On May 27, 1671, the Ladies of the Hôtel-Dieu de Québec sold the former residence of Governor Louis d'Ailleboust de Coulonge to de Lotbiniere, which he immediately made his home. The residence, though much altered, is today the French Consulate in Quebec, and locally known as Duke of Kent House, Quebec. His son, René-Louis Chartier de Lotbinière, continued to live there with his family until his death in 1709. It was sold to the Maillou family, who leased it from 1743 to Louis-Theandre's great grandson, Michel Chartier de Lotbinière, Marquis de Lotbinière.

==Return to France and reputation==

He had taken his stepmother to court over his inheritance which necessitated him to be in France in 1659 and 1677. In the autumn of 1679, he returned to France, never to return to the colony again. In 1680, Intendant Jacques Duchesneau de la Doussinière et d'Ambault wrote to the minister that Lotbiniere's daughter, Marie-Francoise, the widow of Pierre de Joybert de Soulanges et de Marson and the future mother-in-law of Philippe de Rigaud Vaudreuil, “has lost 1,000 livres which were granted to her last year, and a part of the 600 livres for the present year that her father the Sieur Chartier, to whom she had given powers of attorney, has consumed by his excesses, having continued to live in Paris.” This revelation reflects the character of the “erstwhile” Lieutenant-General of the Provost's Court. As a relative of Lauzon he had occupied important offices from the time he arrived in New France, but he never enjoyed the Jesuits’ esteem as much as the other settlers of his social standing. Neither did the clergy appear to have looked favourably upon the ball given by him on 4 February 1667, the “first ball in Canada,” (according to the Journal des Jésuites).

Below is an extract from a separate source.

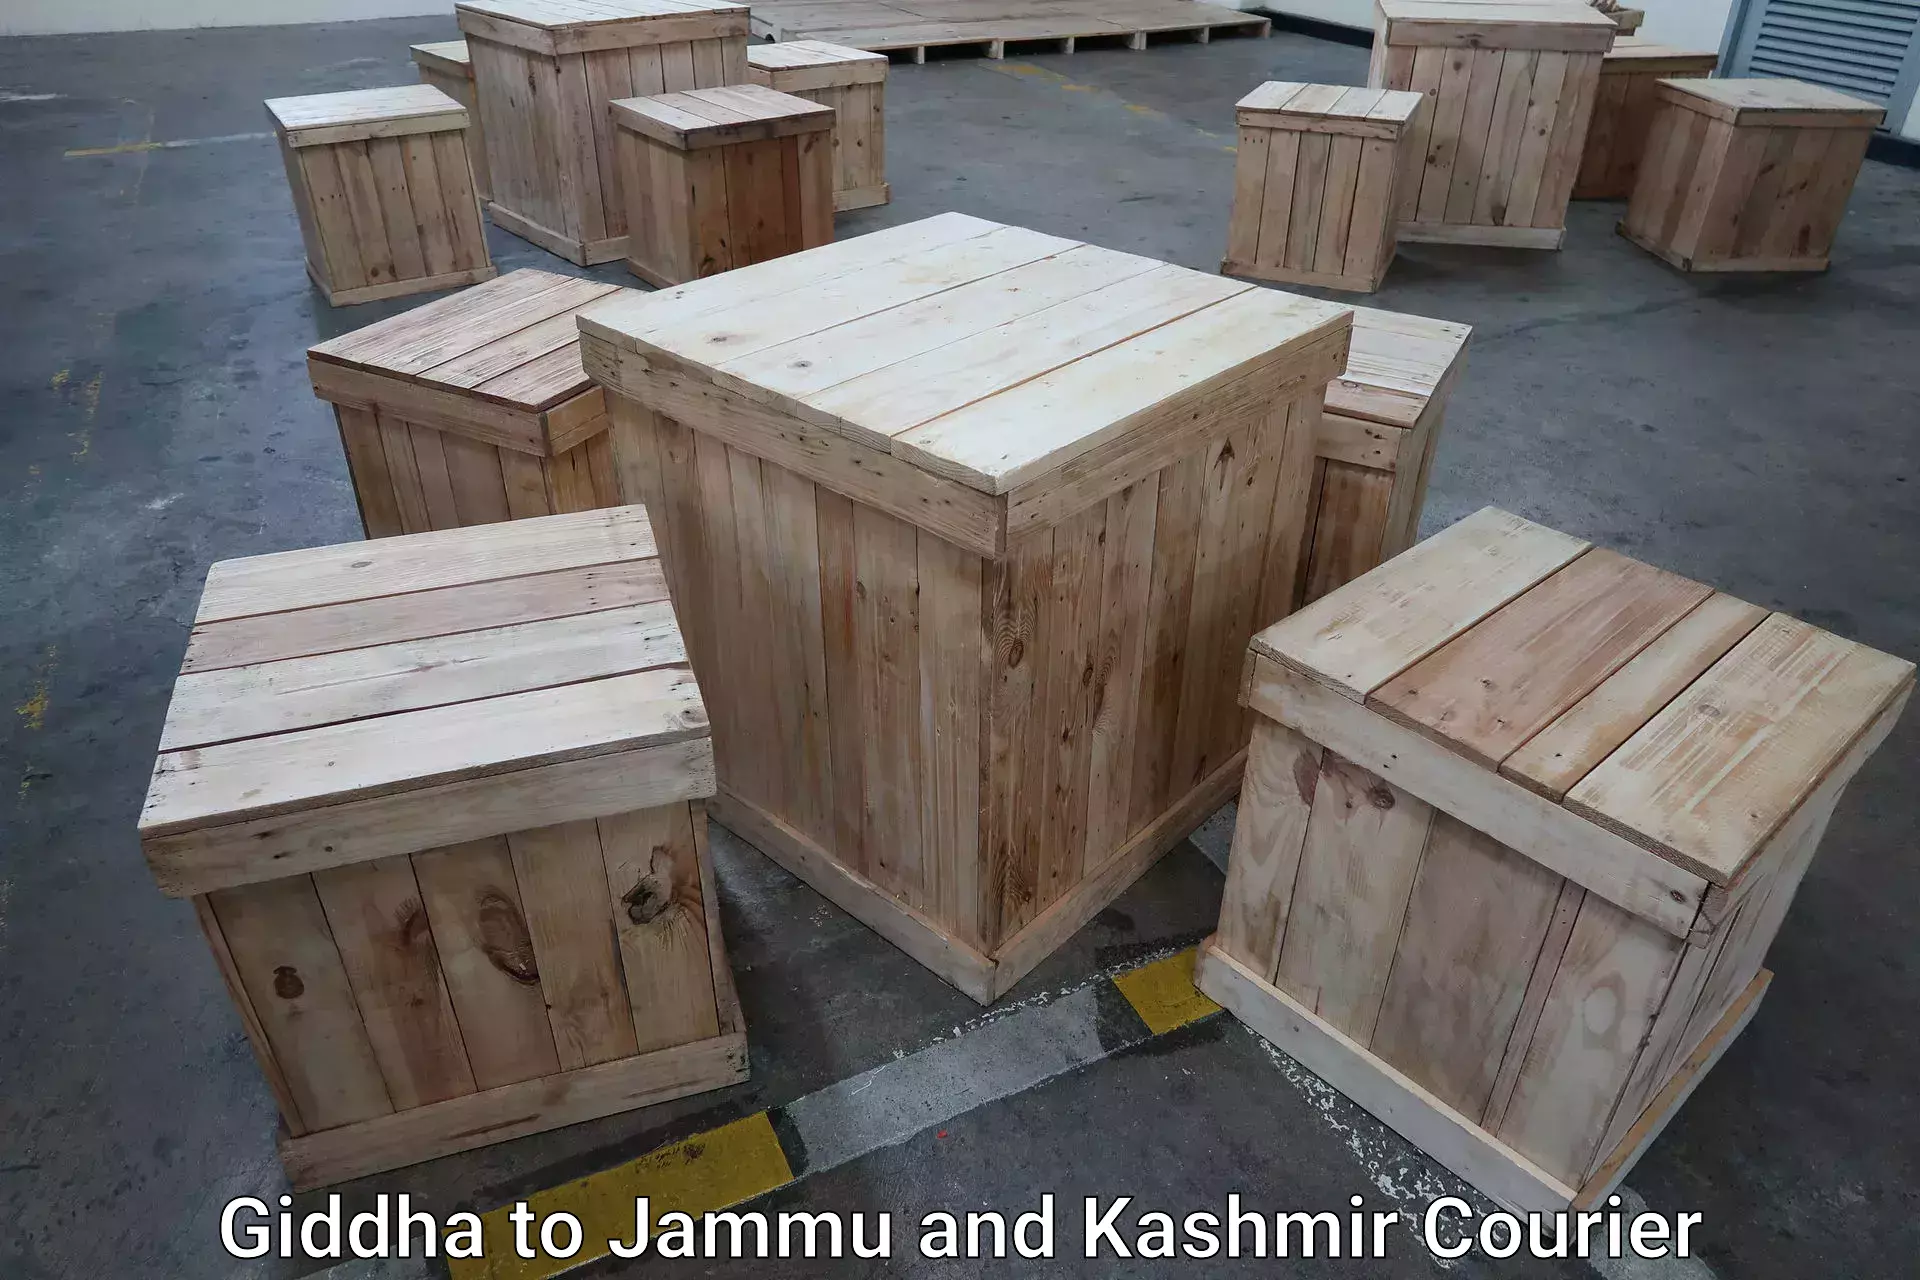 Luggage shipment strategy Giddha to Jammu and Kashmir

In 1676, Ange de Bouges, known as 'la Corruble', was arrested by order of the council, and imprisoned because of his scandalous conduct in the company of some young men. Lotbiniere had him released the following day, and when asked to give an explanation before the council, 'the Lieutenant-General refused to give his reasons, and furthermore his manner was peremptory and lacking in respect. Summoned to appear again, he maintained that he alone had the right to decide upon imprisonments. He resorted to an attitude of arrogance, and refused to justify his action any further. On 3 August the council relieved him of his office, which he resumed however before the end of the month.' (Dictionary of Canadian Biography).

An officer of justice for over thirty years, Jean Talon deemed Chartier de Lotbiniere as “ill suited to this profession”. He died in France in 1688, and was the father of two children, René-Louis Chartier de Lotbinière, and Louise-Elizabeth, who married Pierre de Joybert de Soulanges et de Marson.